Proudly Serving the Joyce Community Since 1955

Training For Many Scenarios

Being able to respond appropriately to an emergency requires specialized training. The district sponsors training and education for those who volunteer to become firefighters, EMTs, Advanced EMTs, or Paramedics, in exchange for a commitment to continue volunteering with the district.

Every Tuesday evening is a Drill night; a time for learning new skills and information and practicing previously learned skills. This consistent and well attended training program alternates between fire and medical training and provides the continual review and upgrading of skills. This continuing education and hands-on training prepares our volunteers to effectively respond to any emergency.

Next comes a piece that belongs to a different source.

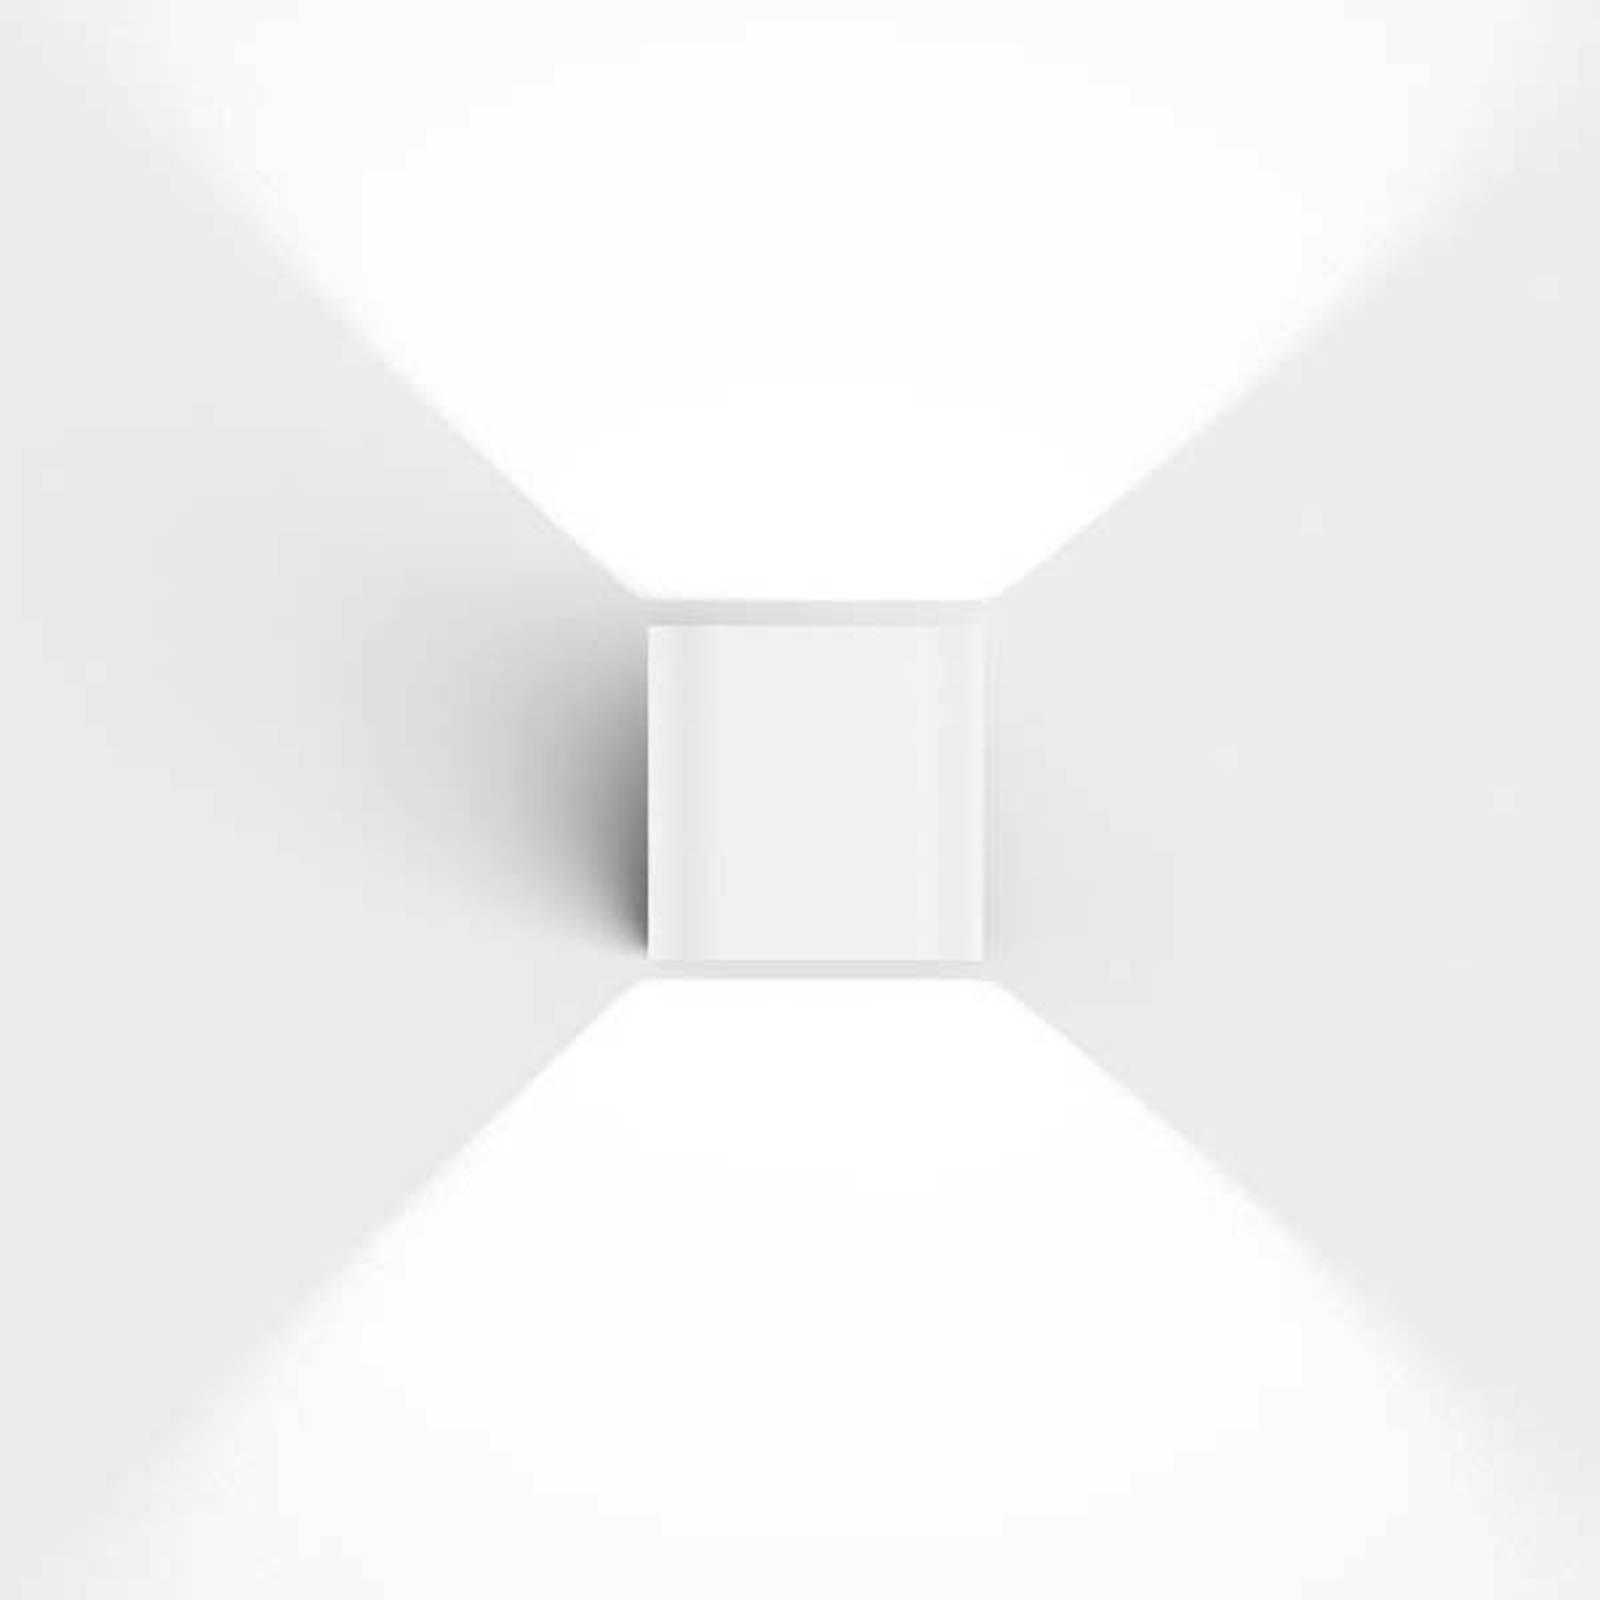 IP44.de Intro 2.0 LED-Außenwandleuchte, pure white

Structural and wildland fires are traditionally viewed as the primary responsibility of a fire district. Our district has the additional responsibility of responding to emergency medical dispatches which are in fact approximately 75% of our dispatches.

We respond to medical and trauma emergencies which need Basic (BLS) and Advanced Life Support (ALS). Motor vehicle accidents often require extrication and sometimes Hazmat skills.

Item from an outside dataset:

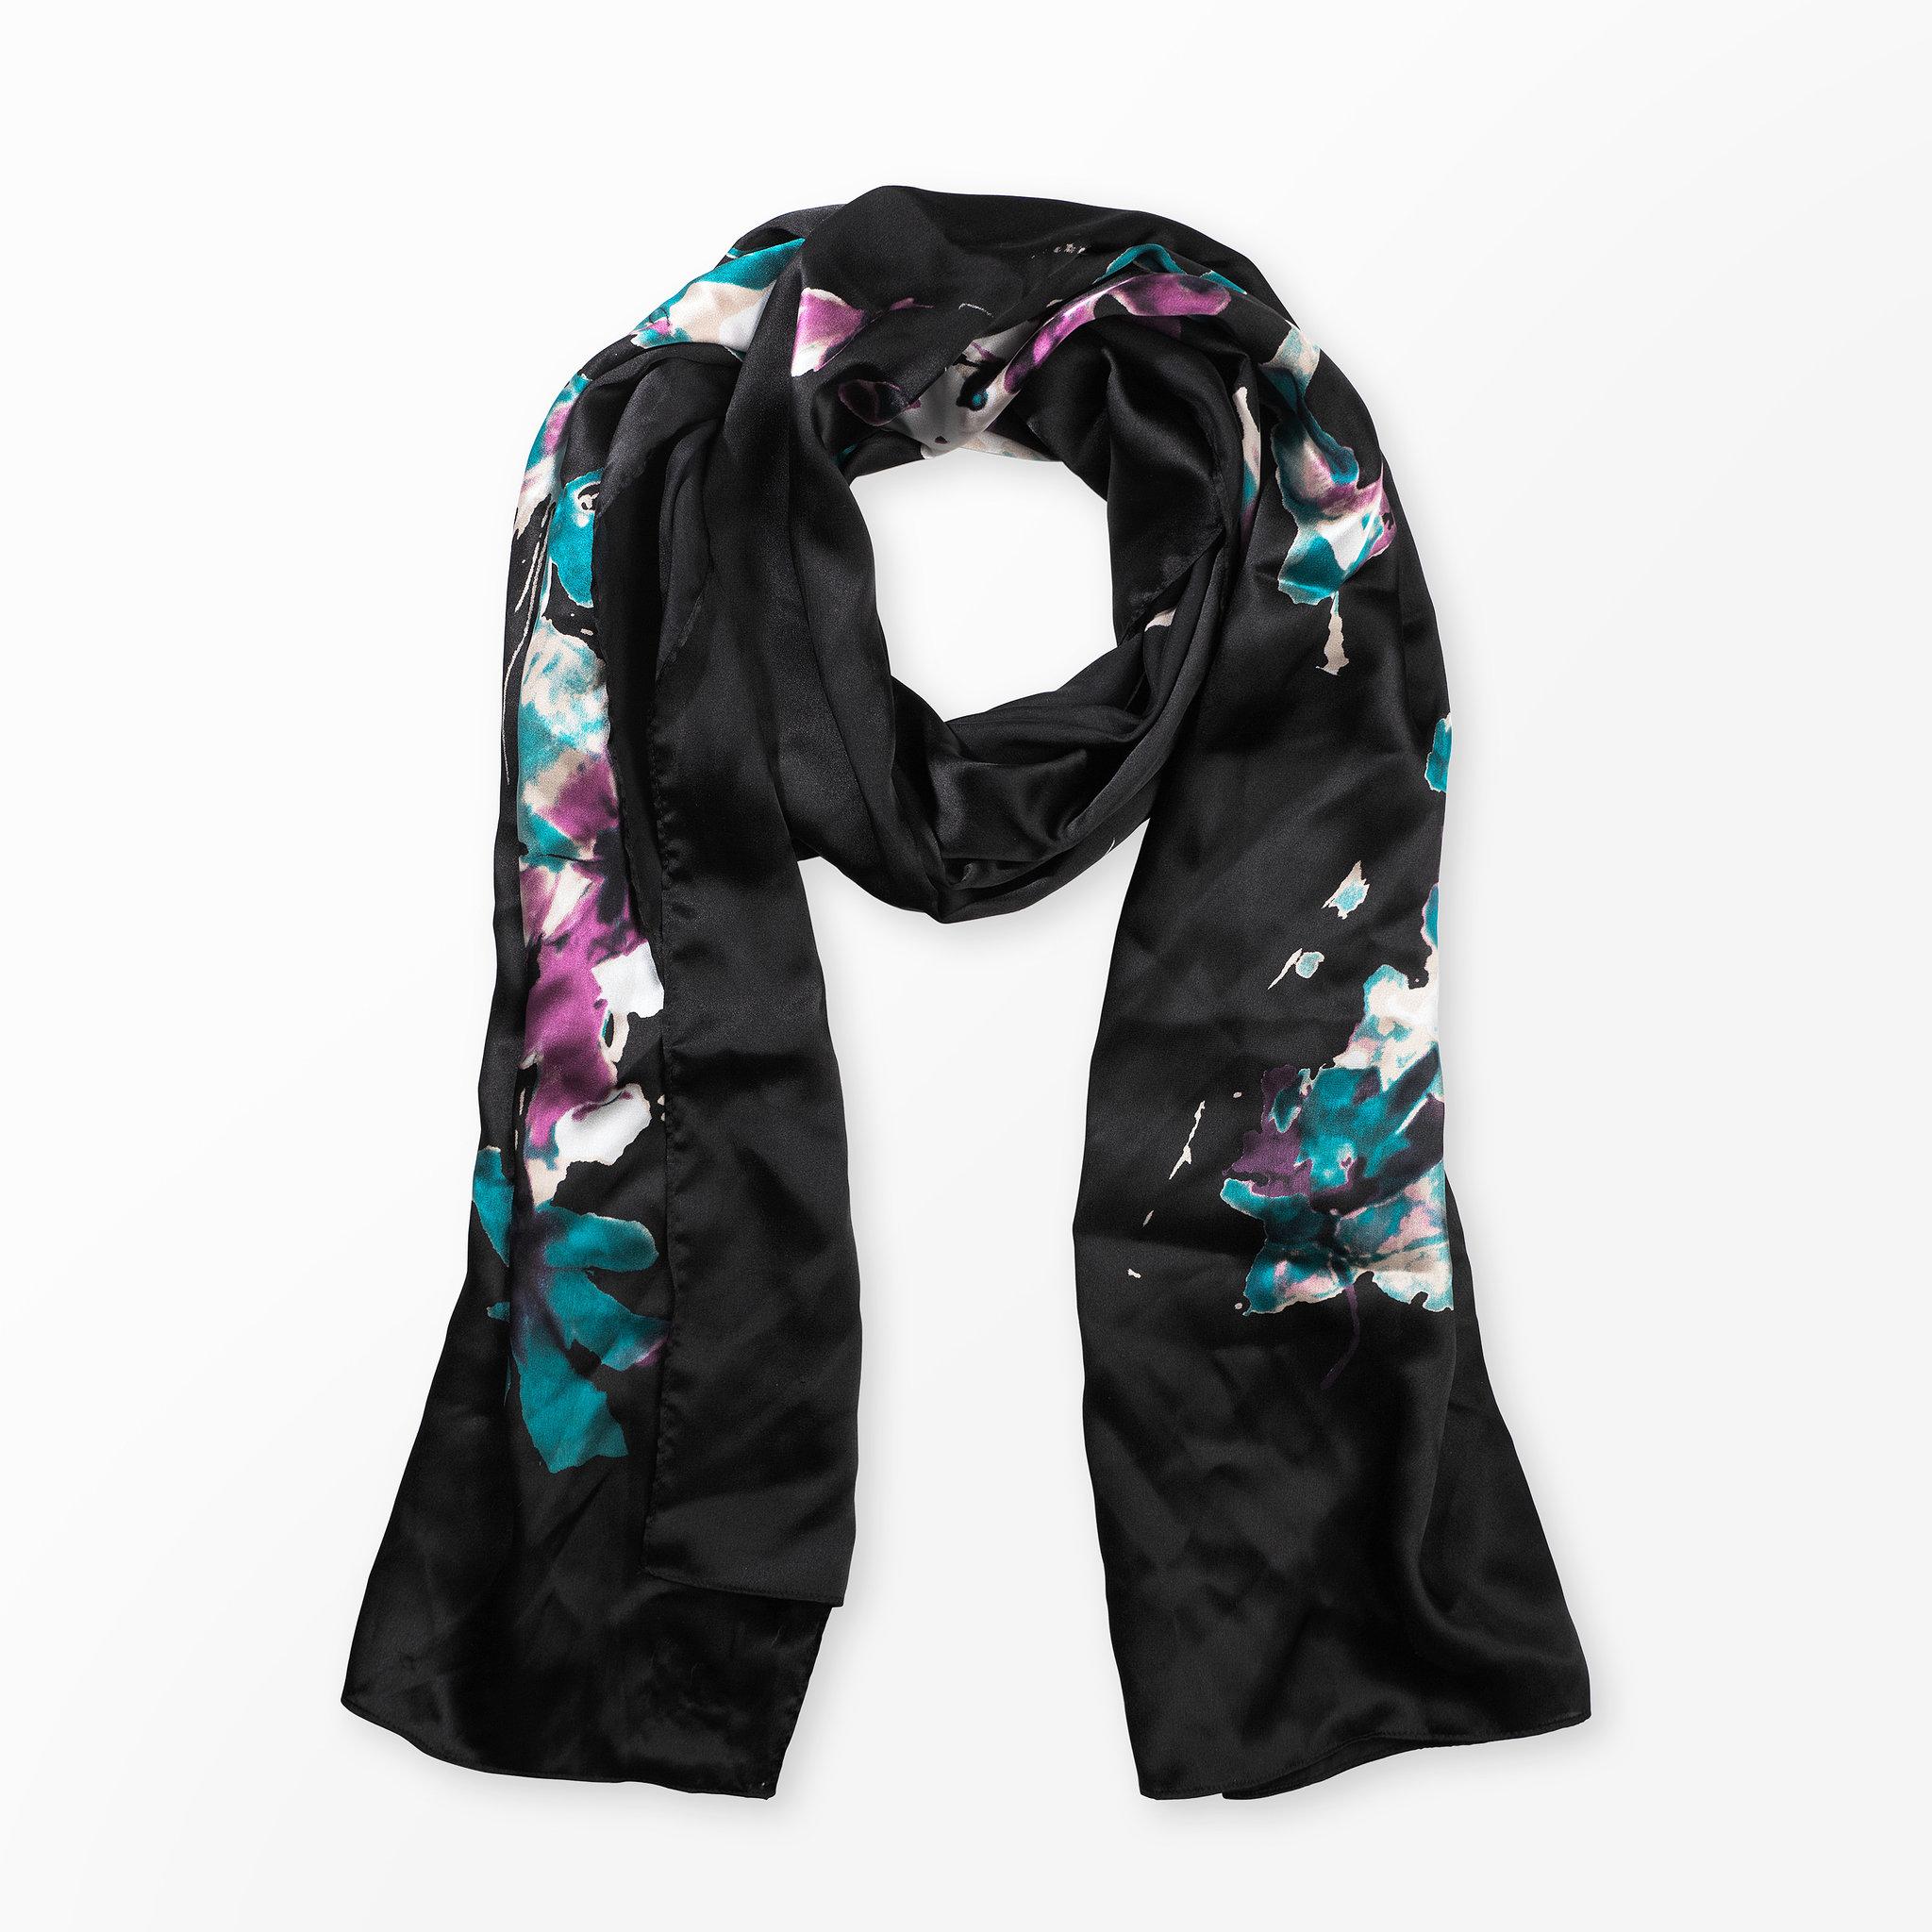 Scarf i silke - Halsdukar   scarves - Köp online på åhlens.se! 0907c00d0d471

In a rural area, responders need a wide variety of skills, and we make sure our responders stay highly trained.
Because the district strongly supports cross-training, most of our firefighters are also Emergency Medical Technicians (EMTs), Advanced EMTs, or Paramedics. We have two Advanced EMTs and two Paramedics. Three of those four are also firefighters. All volunteers are certified to provide high quality CPR.

We have earned the reputation as having some of the most well-trained emergency response volunteers in Clallam County.

Fire Suppression Training

More than half of our training time is devoted to fire suppression. During 2021 and 2022 we responded to 40 fires and 9 HAZMAT emergencies. Because fires are a smaller percentage of our calls, we continually train to keep our skills fresh.

A fire drill night consists mainly of hands-on scenarios. Scene size-up is an important first step upon arrival at a scene. Proper communication protocol must be followed. Firefighters practice accessing hydrants, supplying water to the fire engine using a tender (tanker truck), hose deployment, managing the pumps, as well as attacking fires.

Our non-firefighter volunteers actively cross-train in tender operations, running the pumps, firefighter rehab, and other support logistics on fires. This frees our firefighters to directly attack the fire, greatly expanding the capability and cohesiveness of on-scene operations.

Medical Training

The rural nature of our district demands a high level of quality medical training and timely responses. Our volunteers train to manage all scenarios, including transporting and transferring patients to helicopter and fixed wing medivacs. In 2021 and 2022 we responded to 545 medical emergencies.  Medical drill nights find responders spending some class time reviewing specific skills, and then practicing those skills in “hands-on” scenarios.

Rescue Training

Our District is a place where residents and visitors love to get out and have adventures on trails and the water. Our responders need to be trained to get them out of situations that are not easy to get to. Rescue training involves training for rope ascent and descent of steep cliffs or terrain. Patients in backcountry rescues will need to be specially secured on gurneys or other carry systems to be safely moved to vehicle-accessible roads. Rescue training also involves working with regional Search and Rescue teams.

Extraction Training

In a typical year, we respond to approximately 15 vehicle accidents. Highway 112’s twists and turns can be unforgiving so we train hard to prepare for whatever may be presented to us on a scene. Nearly half of our fire drills are devoted to extrication of patients from vehicles. Our district has the appropriate tools on board to make fast work of getting patients out of vehicles safely.